Besorgniserregend ist insbesondere, dass UBS-Kunden immer noch Vermögen abziehen. Die Verunsicherung hängt mit den Verlusten der Bank zusammen. Wer will sein Geld von einem Finanzhaus verwaltet haben, das mit dem eigenen Vermögen vor allem Verluste macht?

Fragezeichen USA

Noch stärker ins Gewicht fallen dürfte die Ungewissheit über einen anstehenden Prozess in den USA. Die amerikanische Steuerbehörde IRS fordert von der Schweizer Grossbank die Herausgabe von 50’000 Kundendaten.

Wenn der Schweizer Regierung, die der UBS zur Seite steht, nicht in letzter Minute einen Deal mit den Amerikanern gelingt, kommt es in zwei Wochen in Miami zu einer ersten richterlichen Entscheidung. Eine Niederlage würde nochmals viele UBS-Kunden kopfscheu machen, auch wenn die Schweizer den Entscheid bei der nächsten Instanz anfechten könnten.

Investoren kriegen UBS-Aktien weit unter dem Börsenkurs

Wie unsicher die Lage rund um die UBS bleibt, zeigt der Umstand, dass die neuen Grossaktionäre der UBS nur 13 Franken pro Aktie zahlten, beinahe einen Franken unter dem Schlusskurs von gestern Abend. Noch vor zwei Wochen kosteten die UBS-Titel mehr als 16 Franken.

Die Aktienplatzierung bei Investoren hat zwei Seiten. Einerseits zeigt sie, dass die UBS wieder privates Geld kriegt. Kein Wunder, begrüsste die Eidgenossenschaft die Nachricht. Bekanntlich will der Bund seine 6 Milliarden, die er letztes Jahr als Nothilfe in die UBS einschoss, rasch loswerden.

Bis Anfang August, wenn die UBS ihre detaillierten Zahlen für das zweite Quartal präsentieren wird, verzichtet der Bund auf mögliche Verkäufe seiner UBS-Titel – ein Entgegenkommen an die neuen Aktionäre, die sonst sinkende Kurse befürchteten.
UBS-Sprecher Christoph Meier bestätigt, dass man den neuen Investoren «die Gewissheit» geben wollte, «dass nicht kurzfristig eine weitere Aktienplatzierung stattfinden» würde. Eine solche hätte auf den UBS-Aktienkurs gedrückt. Laut Meier haben sich alle Käufer im grossen Stil beteiligt, mit Tranchen von «mindestens 100 Millionen Dollar».

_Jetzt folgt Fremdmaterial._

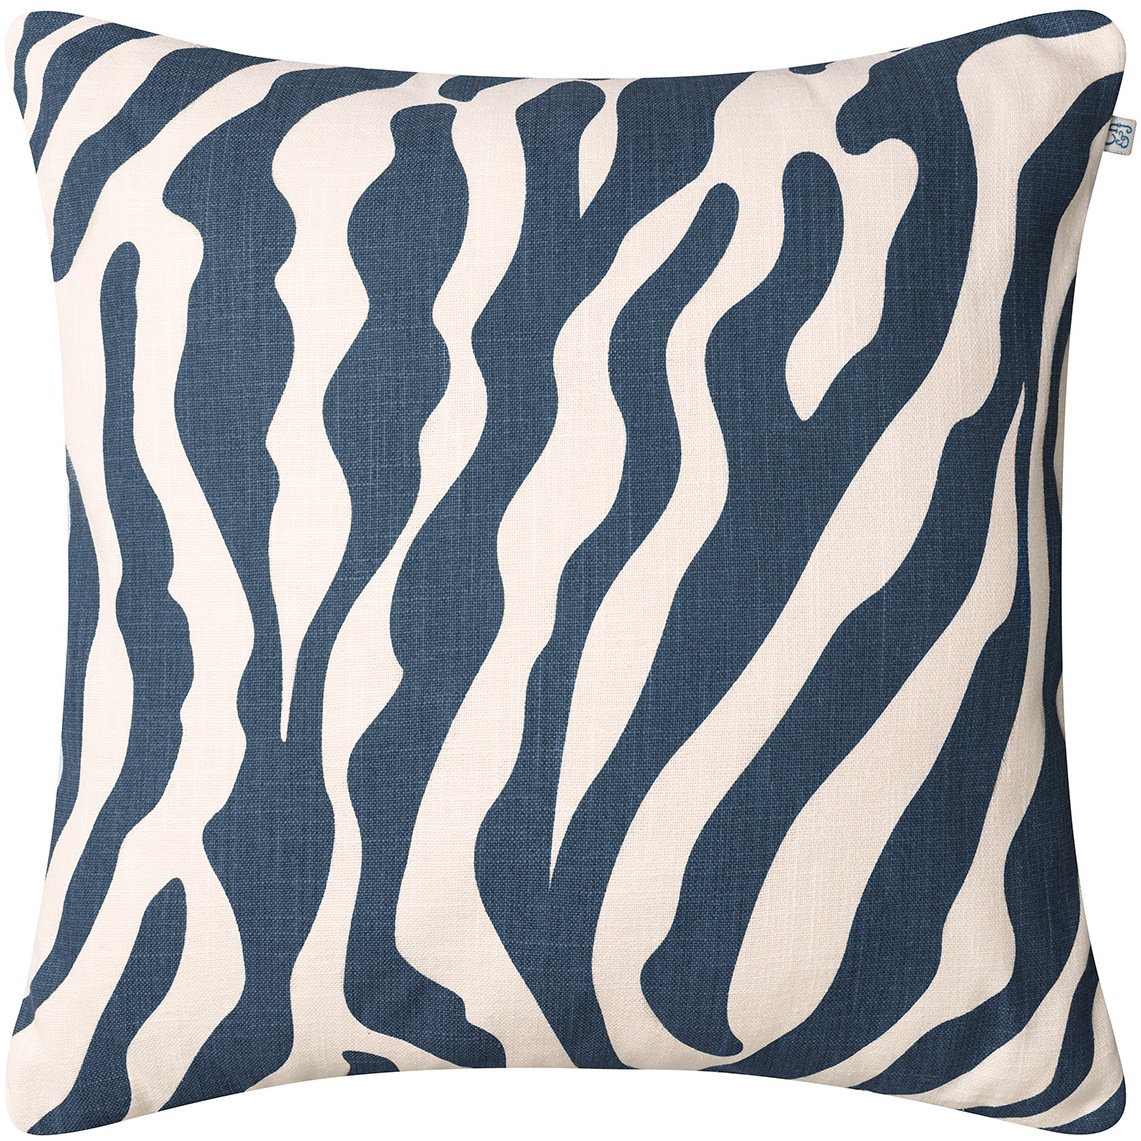 Zebra Tyyny 50x50 cm Ulkona Käytettävä, Sininen / Off-white

Bereitet sich die Bank auf eine Niederlage in Florida vor?

Andererseits stellt sich die Frage, warum UBS-CEO Oswald Grübel gerade jetzt die Jokerkarte des von der Generalversammlung erst vor kurzem genehmigten Kapitals spielt. Eine mögliche Erklärung ist der bevorstehende grosse Prozessauftakt in Miami, auch wenn dies im heutigen Communiqué nicht bestätigt wird.

Zwar besteht nach wie vor die Möglichkeit einer aussergerichtlichen Einigung zwischen den USA und der UBS, vermittelt durch die Eidgenossenschaft, die wohl Hand bieten müsste zu einer weiteren Datenherausgabe. Allerdings rätseln Anwälte, mit welchem Gesetzesartikel die Schweiz einen solche Deal eingehen könnte.

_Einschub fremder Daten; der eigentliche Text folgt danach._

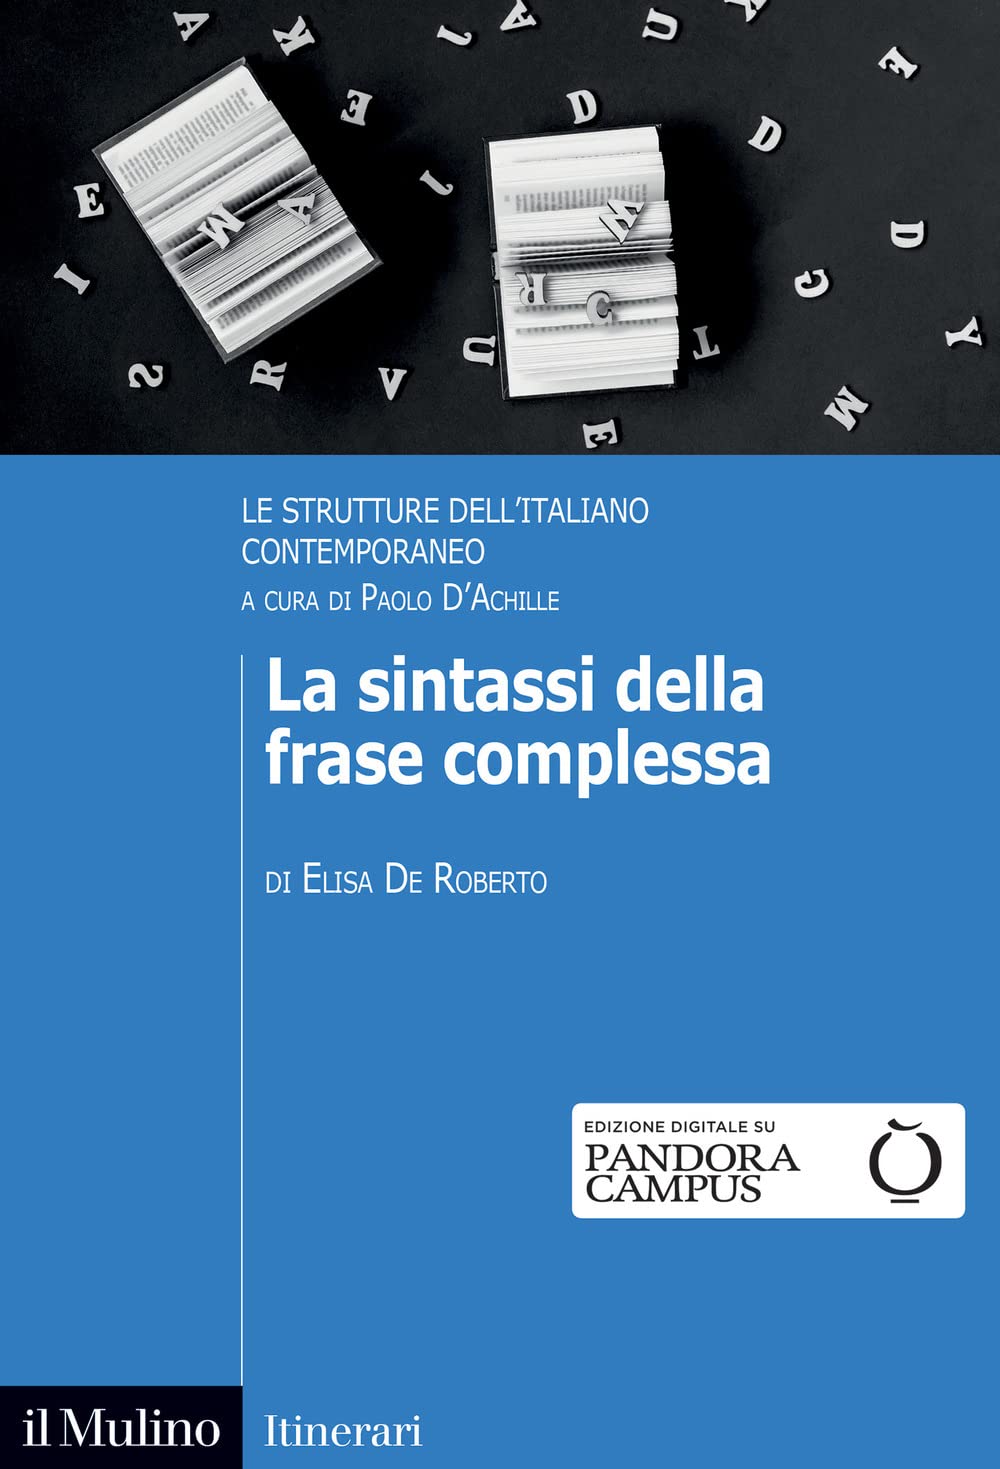 Libri De Roberto Elisa - La Sintassi Della Frase Complessa NUOVO SIGILLATO, EDIZIONE DEL 17/03/2023 SUBITO DISPONIBILE

Doch die Unsicherheit des Verfahrens ist gross, und die UBS muss alles in ihrer Macht stehende vorkehren, um einem drohenden beschleunigten Vermögensabfluss nach einer allfälligen Niederlage mit einem dickeren Eigenkapitalpolster entgegen zu treten.

Die so genannte Tier-1-Quote, das ist das Verhältnis des direkt zur Verfügung stehenden Eigenkapitals (Aktienkapital, Reserven, zurückbehaltene Gewinne) zu den mit ihren Risiken gewichteten Aktiven, beläuft sich nach der Aktienplatzierung von heute auf über 12 Prozent.

Das ist weniger als die 14 Prozent von Konkurrentin Credit Suisse, nähert sich aber dem Niveau an, welches die Schweizer Aufsichtsbehörden beiden Grossbanken für die Zeit nach der Krise ins Pflichtenheft geschrieben hat.